Zahlreiche Länder betroffen

Der Schwede Dan Egerstad aus Malmö, nach eigenen Angaben ein freiberuflicher Sicherheitsberater, hat die Daten auf seiner Internetseite veröffentlicht. Betroffen sind demnach die Vertretungen zahlreicher Länder, unter anderem die Botschaften von Indien, Russland und Iran in Staaten rund um den Globus. Zudem sind das Büro des Dalai Lama, die britische Visa-Behörde in Nepal und mehrere Non- Profit-Organisationen genannt.

Egerstad sagte in einem Gespräch mit der Deutschen Presse-Agentur dpa am Freitag, er wolle mit der Veröffentlichung auf die gravierenden Sicherheitsprobleme aufmerksam machen und die verschiedenen Organisationen dazu bewegen, ihre Mail-Konten abzusichern.

Niemand hat zugehört

«Ich habe eine ganze Reihe der betroffenen Leute kontaktiert, aber sie haben mir nicht zugehört», begründete er den ungewöhnlichen Schritt.
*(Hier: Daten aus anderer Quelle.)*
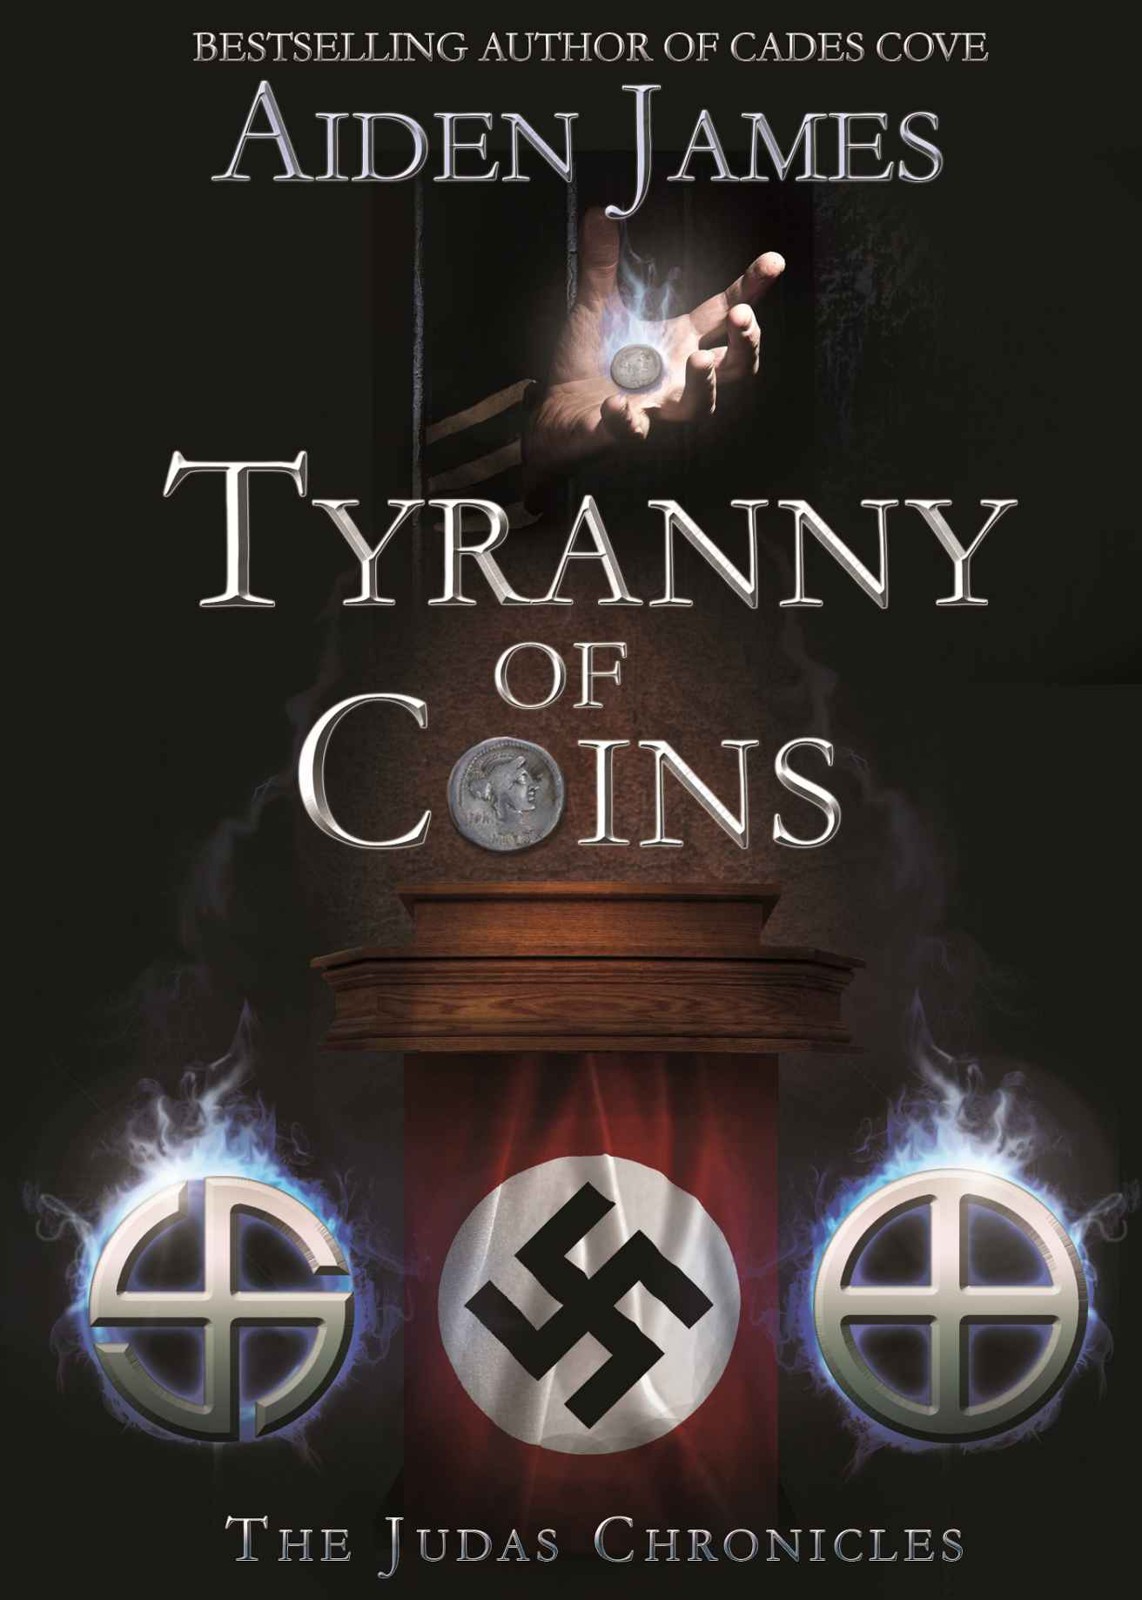 Tyranny of Coins (The Judas Chronicles) (Volume 5) Paperback by Aiden James

Insgesamt habe er die Zugangsdaten zu rund 1000 Postfächern ausgelesen. Wie Egerstad an die Informationen gelangt ist, will er bislang nicht offenbaren. «Es war sehr leicht, ich bin über die Daten gestolpert», sagte er nur.
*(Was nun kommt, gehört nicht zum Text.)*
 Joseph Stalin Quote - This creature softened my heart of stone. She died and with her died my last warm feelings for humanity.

Die russische Botschaft in Schweden räumte einem Bericht der Zeitschrift «Computer Sweden» zufolge die Sicherheitslücke ein; sie sei mittlerweile beseitigt. Die Zeitung «Indian Express» schreibt, eigene Mitarbeiter hätten Dokumente aus dem Postfach des indischen
Botschafters in China herunterladen können. Zudem habe man bei der Vertretung in Berlin eine Mail indischer Studenten gefunden, die sich nach den fremdenfeindlichen Ausschreitungen im sächsischen Mügeln über die Sicherheit in Deutschland erkundigten.

Egerstad forderte Betroffene auf, ihn zu kontaktieren - er werde die Lösung des Problems kostenlos erklären. Kommerzielle Ziele verfolge er mit der Veröffentlichung nicht: «Ich bin glücklich mit meiner Arbeit und habe genug zu tun.» (dpa)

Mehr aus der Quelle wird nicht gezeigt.